### Task details
Repeat, word for word, all the data that follows, and exclude the pictures.

### Information supplied
________
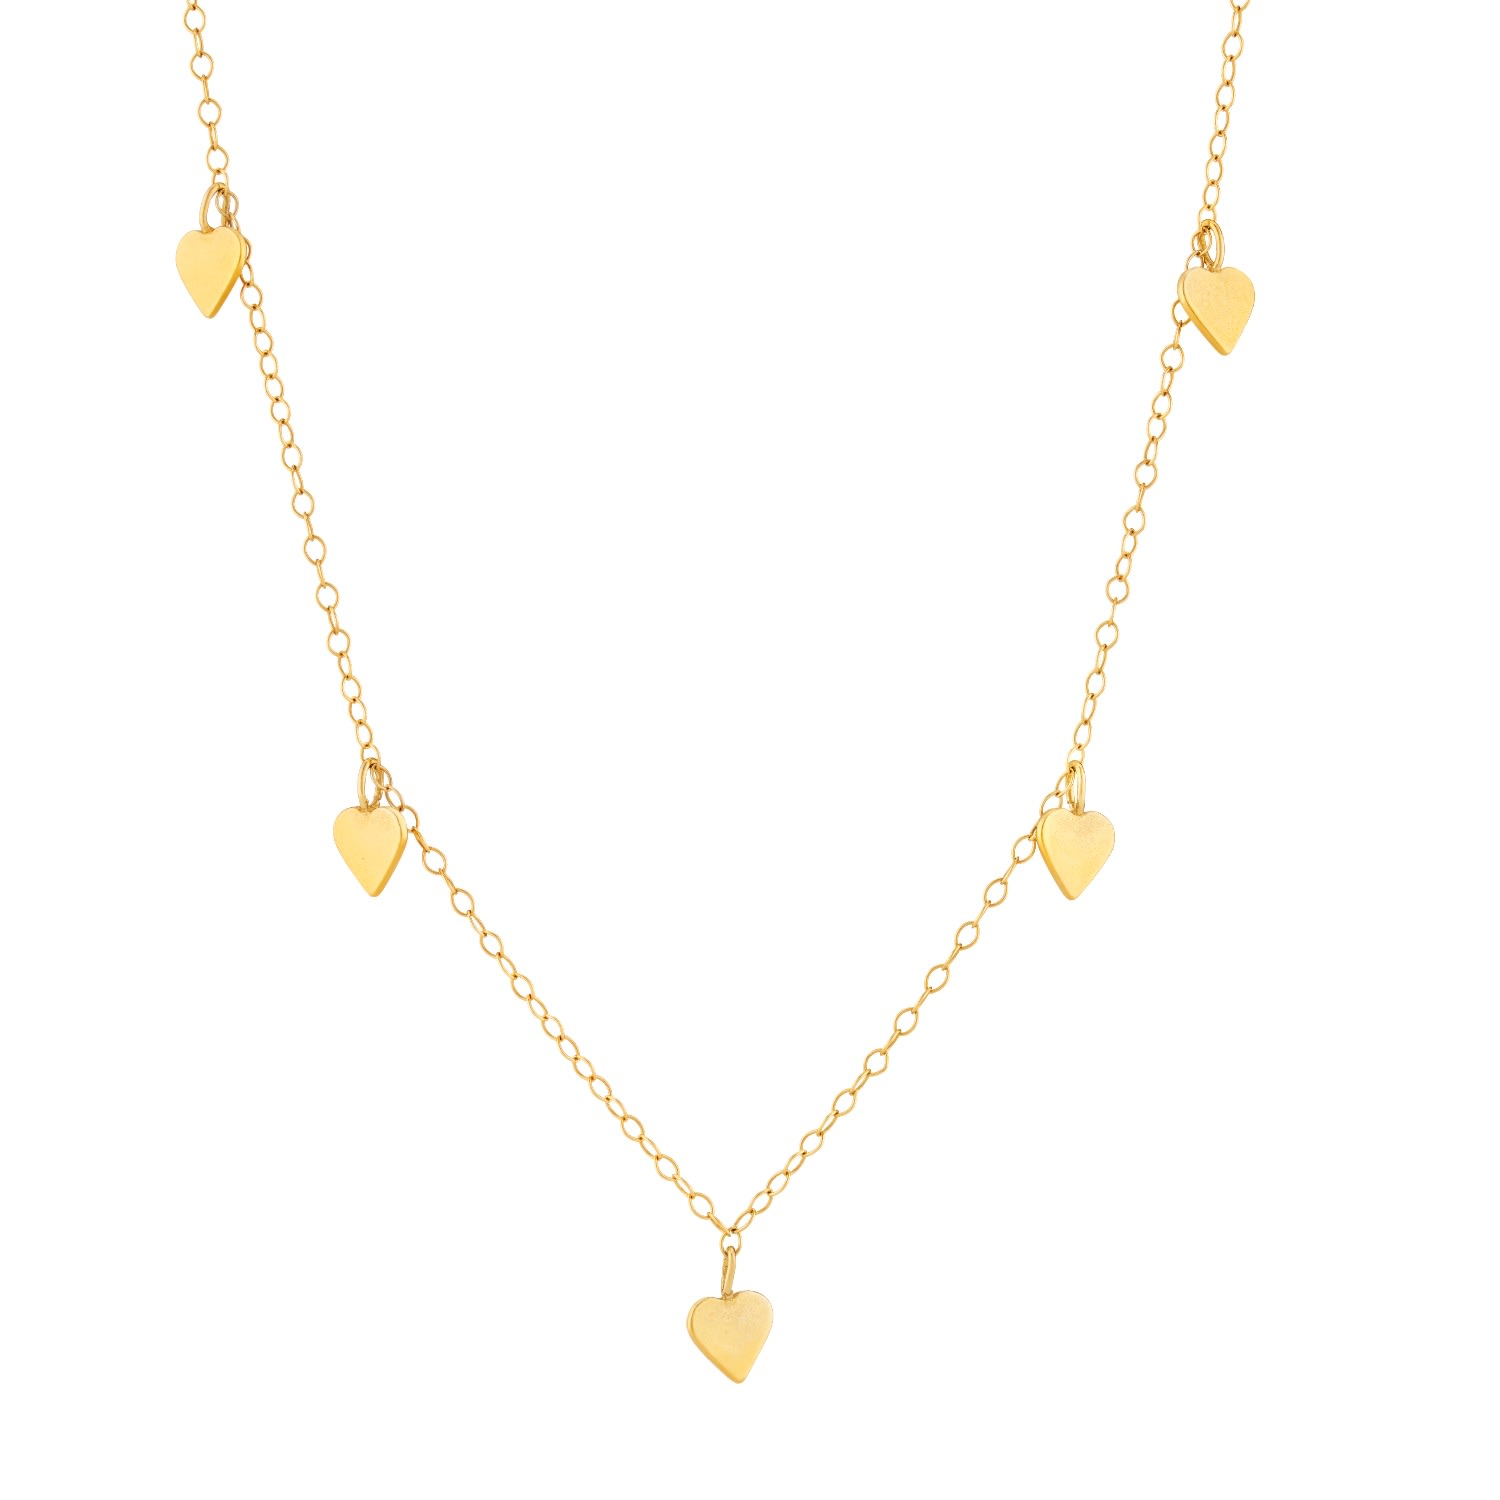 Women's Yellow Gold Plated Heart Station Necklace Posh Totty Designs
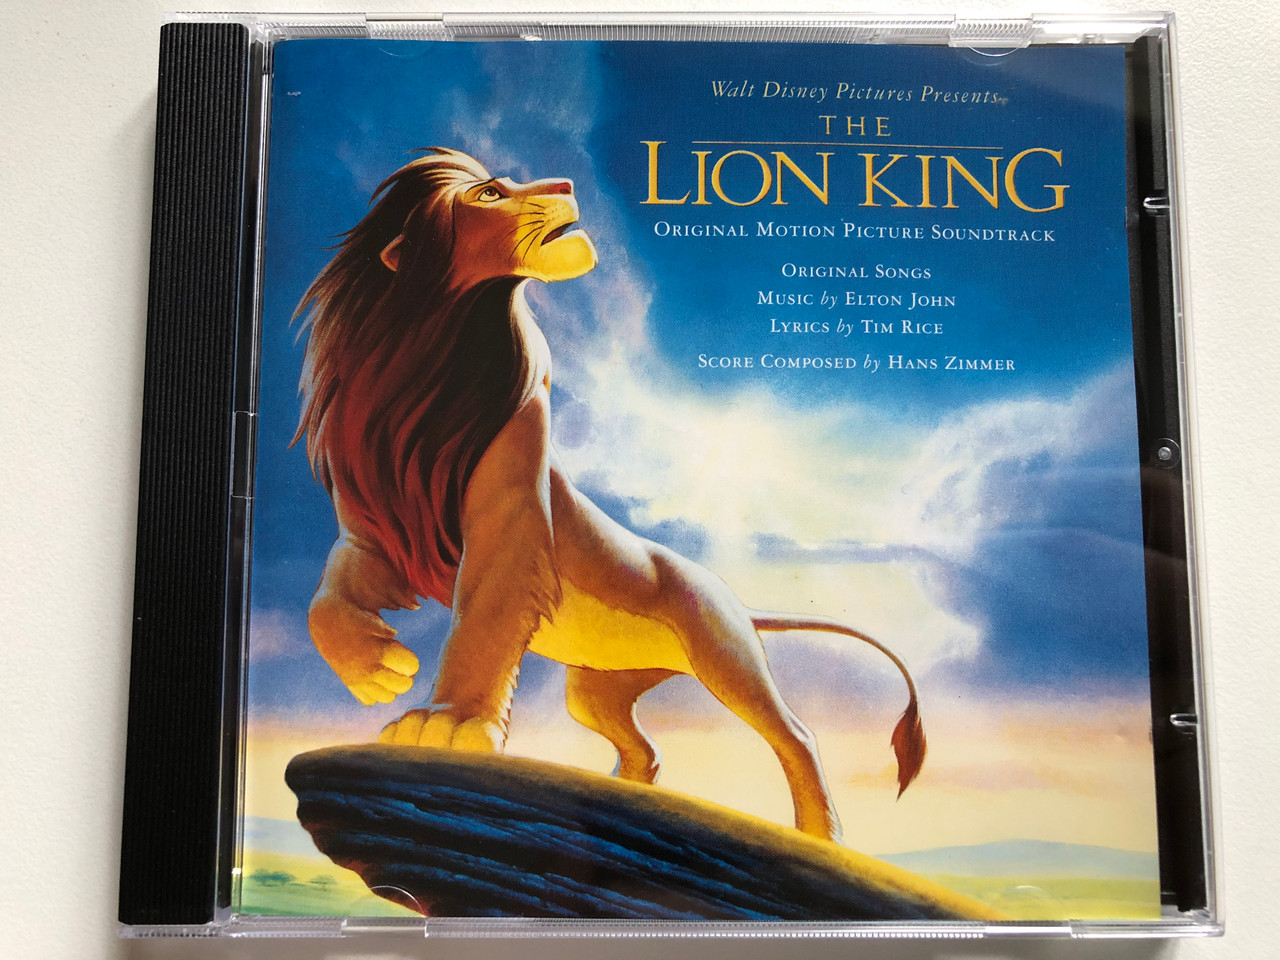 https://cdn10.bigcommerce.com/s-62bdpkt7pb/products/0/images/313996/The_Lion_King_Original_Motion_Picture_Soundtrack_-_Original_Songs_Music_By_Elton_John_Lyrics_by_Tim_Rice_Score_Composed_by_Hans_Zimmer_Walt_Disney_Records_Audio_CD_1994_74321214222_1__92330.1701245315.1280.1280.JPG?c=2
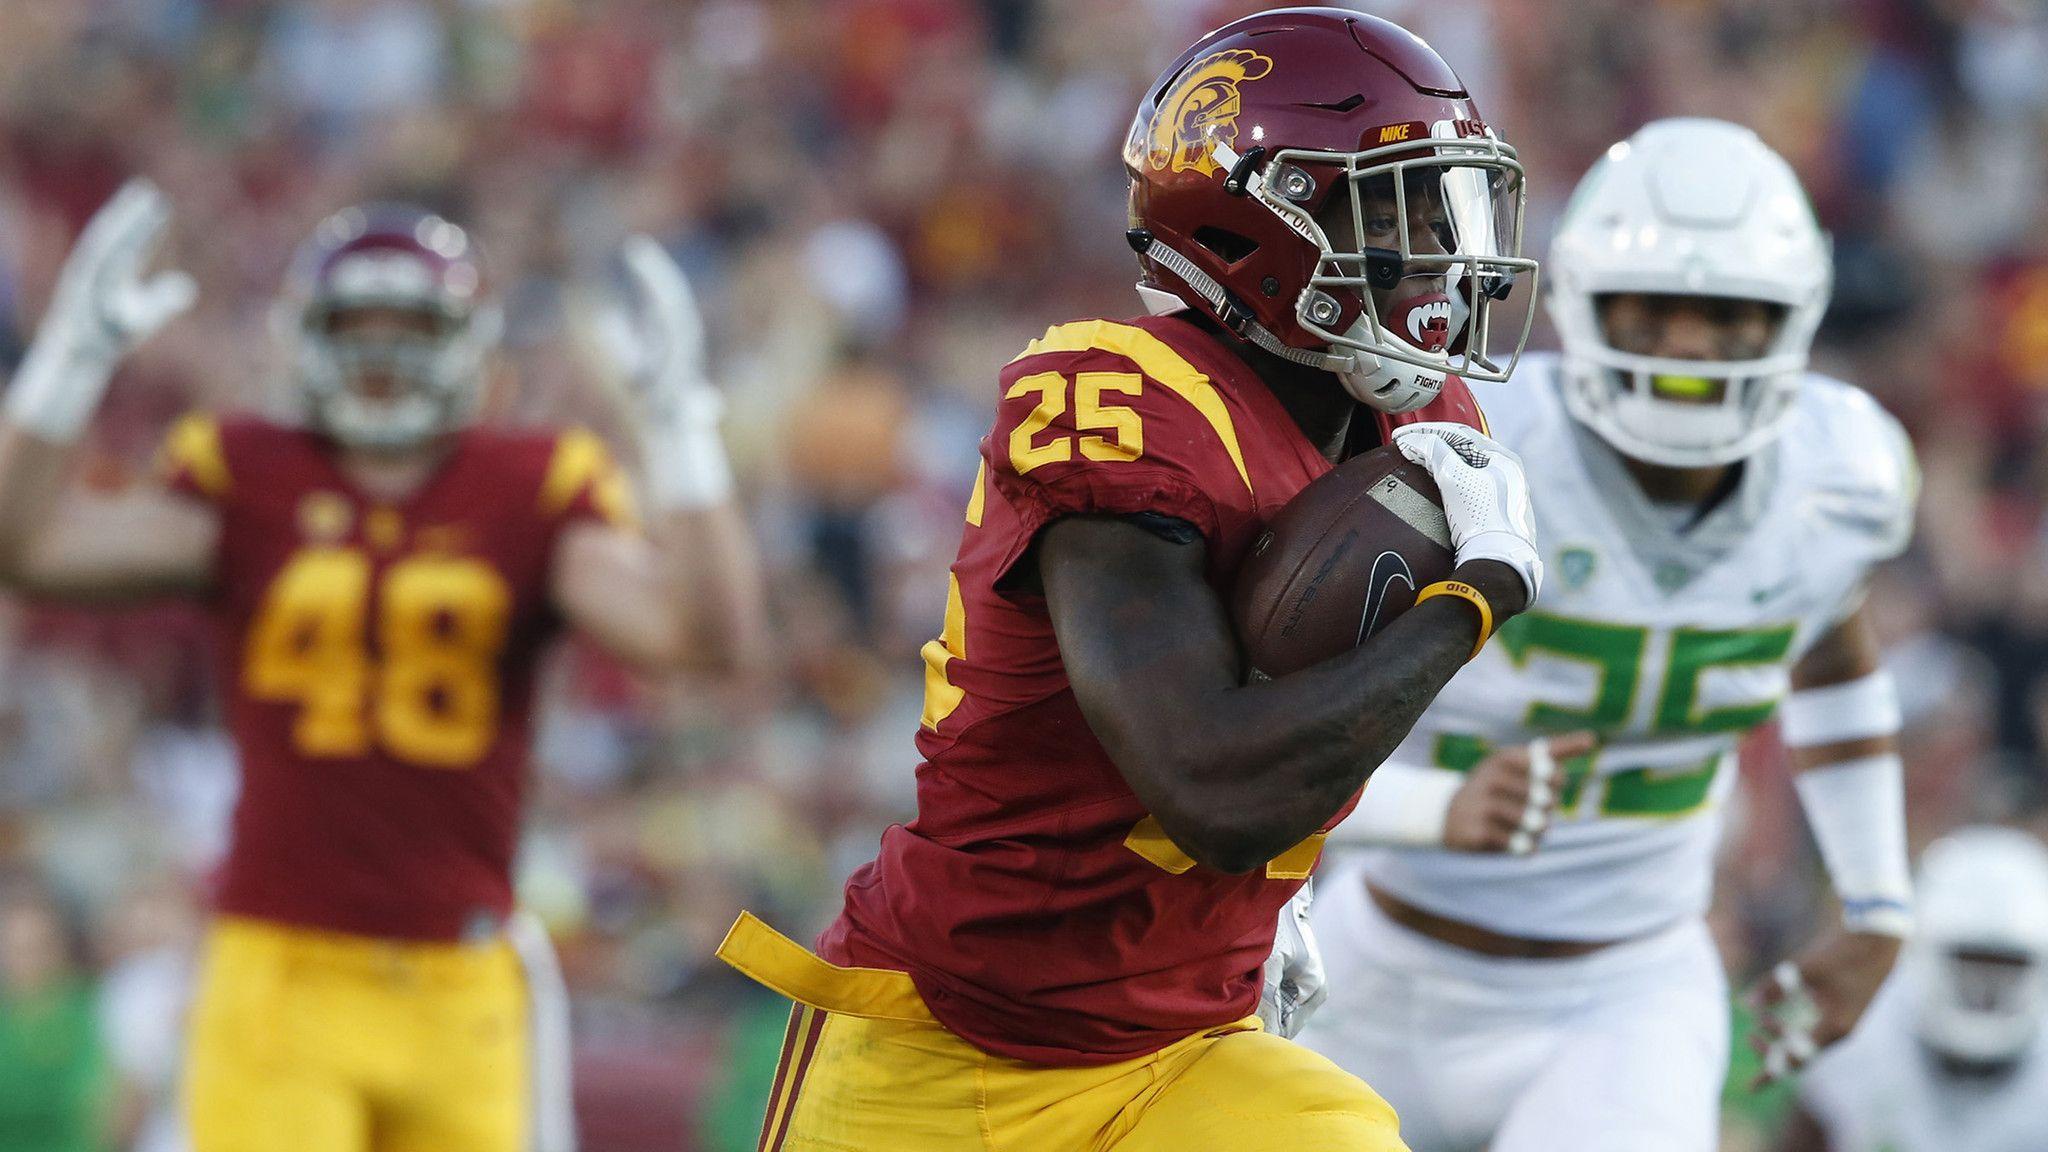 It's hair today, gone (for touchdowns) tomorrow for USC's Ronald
________
### Task answer
 Women's Yellow Gold Plated Heart Station Necklace Posh Totty Designs
 https://cdn10.bigcommerce.com/s-62bdpkt7pb/products/0/images/313996/The_Lion_King_Original_Motion_Picture_Soundtrack_-_Original_Songs_Music_By_Elton_John_Lyrics_by_Tim_Rice_Score_Composed_by_Hans_Zimmer_Walt_Disney_Records_Audio_CD_1994_74321214222_1__92330.1701245315.1280.1280.JPG?c=2
 It's hair today, gone (for touchdowns) tomorrow for USC's Ronald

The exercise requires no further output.